Background Colorectal cancer (CRC) remains of high unmet medical need. T cell engagers as a modality have gained attraction in solid tumors, but despite the early data that T cells can infiltrate cold CRC tumors with therapies such as Cibisatamab, treatment remains challenging due to poor target specificity and related on-target off-tumor toxicity. Through our ATLAS platform that analyzes healthy and tumor tissues at the single-cell level, we identified CB21 (target undisclosed), a highly tumor-specific antigen, with minimal expression in healthy cells, from primary CRC tumors. Based on both the expression profile and target cleanliness, we built a bispecific T cell engager as a therapeutic targeting CB21. Here, we describe the expression profile of CB21 in healthy and patient tissues and relevant in vitro and in vivo models of CRC to interrogate the biology and efficacy of targeting CB21. Based on target expression profile and target cleanliness, a bispecific T cell engager targeting CB21 was tested for therapeutic potential and safety in a non-human primate study.
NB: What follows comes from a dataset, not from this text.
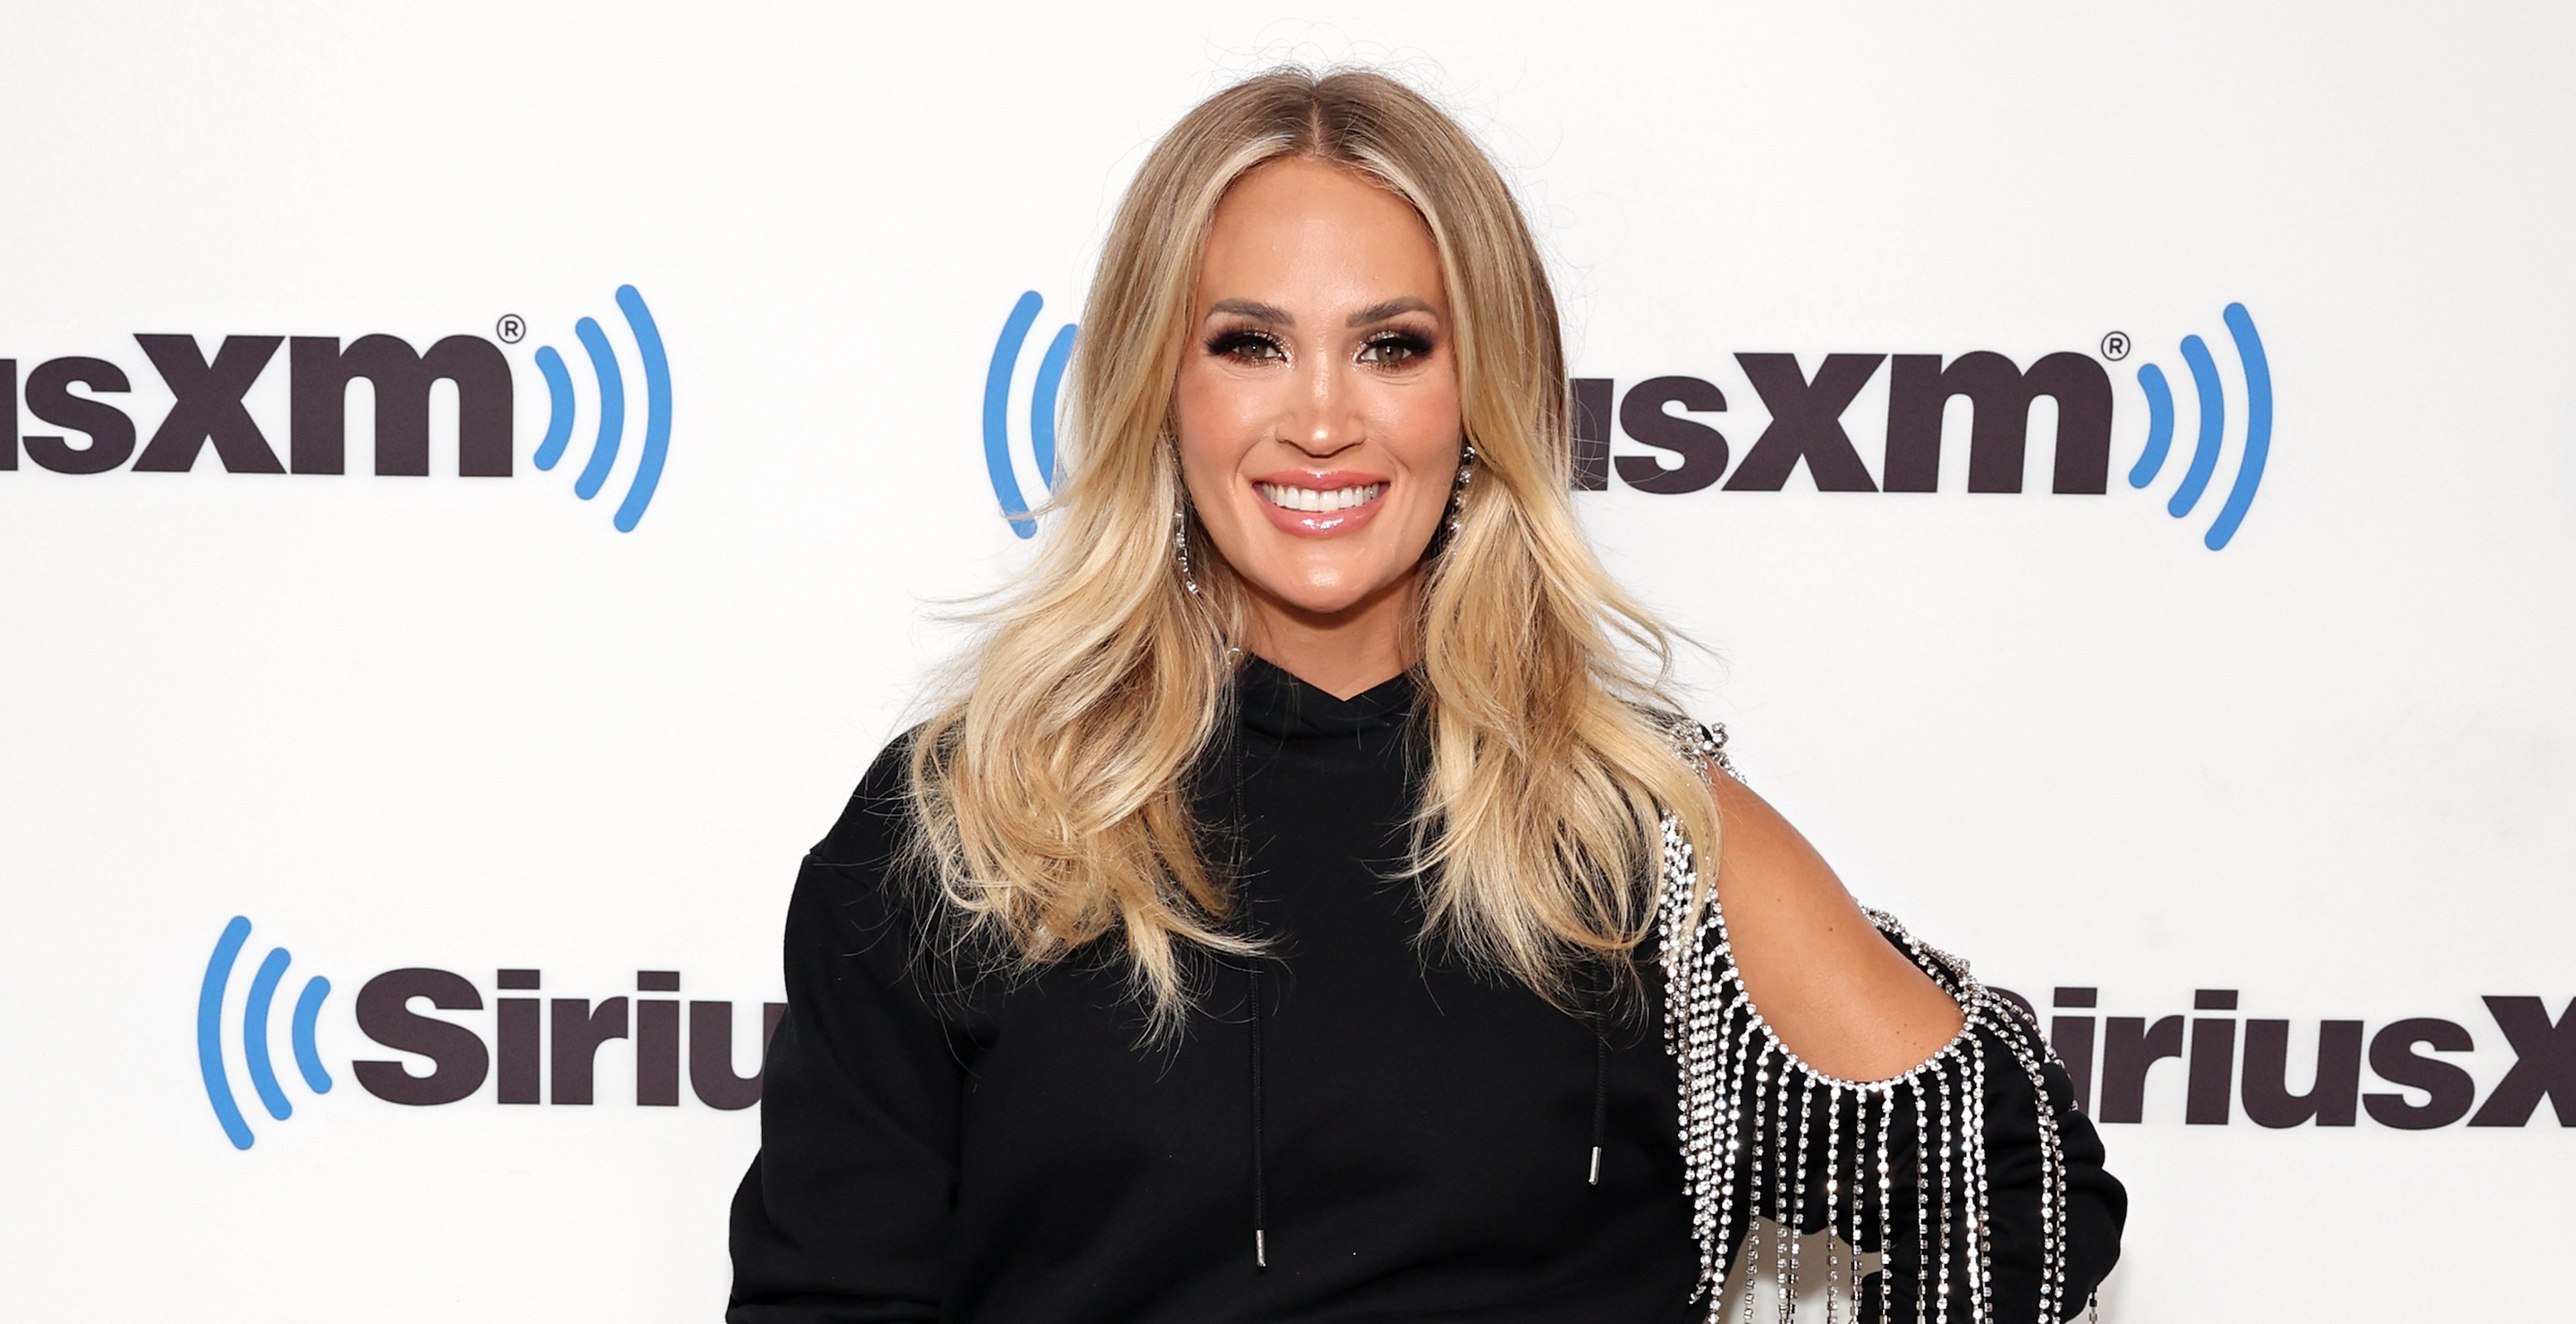 Carrie Underwood on If She'd Play the Super Bowl Halftime Show

Methods CB21 target expression from CRC patient samples was determined using IHC and quantitative flow cytometry. Tumor cell lines with varying levels of CB21 were used to determine in vitro activation, cytotoxicity and cytokine production of T cells in the presence of CB21 TCE. Efficiency of the TCE was further tested in spheroid assays and killing kinetics over time using a Cellcyte imaging platform. Xenograft mouse models of CRC were established to evaluate the efficacy of CB21 TCE treatment in vivo.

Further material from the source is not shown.